804 is no longer in the Critical Status we ae now in the Endangered Status
Critical Status
A plan is in critical status if it meets one of the following criteria:
The plan is less than 65% funded and (1) will have a projected funding deficiency within five years,
or (2) it is projected to be unable to pay benefits within seven years; or
The plan’s normal cost for the current plan year, plus interest for the current plan year on unfunded
benefit liabilities exceeds the present value of the reasonably anticipated employer contributions for
he current plan year, plus the present value of nonforfeitable benefits of active participants and the
plan (1) has an accumulated funding deficiency for the current plan year, or (2) is projected to have
an accumulated funding deficiency for any of the next four succeeding plan years; or
The sum of the market value of plan assets plus the present value of the reasonably anticipated
employer contributions for the current plan year and each of the four succeeding plan years is less
than the present value of all benefits projected to be payable under the plan during the current plan
year and each of the four succeeding plan years.
A plan in critical status must implement a rehabilitation plan, which allows the plan to emerge from critical
status within a 10-year period. The rehabilitation plan must be adopted no later than 240 days after the due
date of the enrolled actuary’s certification that it is in critical status. The rehabilitation plan may include
reductions in plan expenditures, reduction in future benefit accruals, and increases in contributions.

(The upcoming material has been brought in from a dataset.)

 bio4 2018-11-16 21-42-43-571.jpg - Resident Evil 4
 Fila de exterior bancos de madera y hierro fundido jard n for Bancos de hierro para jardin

Plans in critical status are subject to certain restrictions on:
Paying lump sum benefits; or
Adopting amendments that reduce contributions or increase benefits or future benefit accruals.
To encourage employers to negotiate with bargaining units to adopt a schedule of benefits and contributions
consistent with the rehabilitation plan, employers with collective bargaining agreements that are inconsistent
with the rehabilitation plan must pay a surcharge that is equal to:
5% of the required contribution for the first year that a plan is in critical status; and
10% of the required contribution for each subsequent year that the plan is in critical status.
A contributing employer that does not make the contributions required by the rehabilitation plan is subject toan excise tax equal to 100% of those contributions.
Under PPA, the funding rules for plans in endangered or critical status will sunset after December 31, 2014.
However, funding improvement plans and rehabilitation plans in effect on that date will remain in effect.
Endangered StatusA multiemployer plan is in “endangered status” if the plan is not in critical status and the:
Plan’s funded percentage is less than 80%; or
Plan has an accumulated funding deficiency for the current plan year or a projected accumulated
funding deficiency for any of the next six plan years.
A plan is in “seriously endangered status” if both of the above situations exist.
An endangered plan must adopt a funding improvement plan (FIP) within 240 days after the due date of the
enrolled actuary’s certification that it is endangered. The FIP must:
Reduce the plan’s unfunded percentage by at least 33% before the end of a 10-year funding
improvement period; and
Eliminate any accumulated funding deficiency for any plan year during the FIP.
Seriously endangered plans must satisfy more stringent requirements.
Sponsors of affected plans must update the FIP every year and file the update with the plan’s Form 5500.
While in endangered status, plan sponsors cannot accept any collective bargaining agreements that:
Lower contributions for any participants;
Suspend contributions for any period of service; or
Exclude younger or newly hired employees from plan participation;
In addition, the sponsor cannot amend the plan to increase plan liabilities by increasing benefits, changing
accruals or changing the vesting rate unless the amendment is necessary to maintain the plan’s qualified
status or is required by law, and is consistent with the terms of the funding improvement plan.
A contributing employer that does not make the contributions required by the FIP, is subject to an excise tax
equal to 100% of those contributions.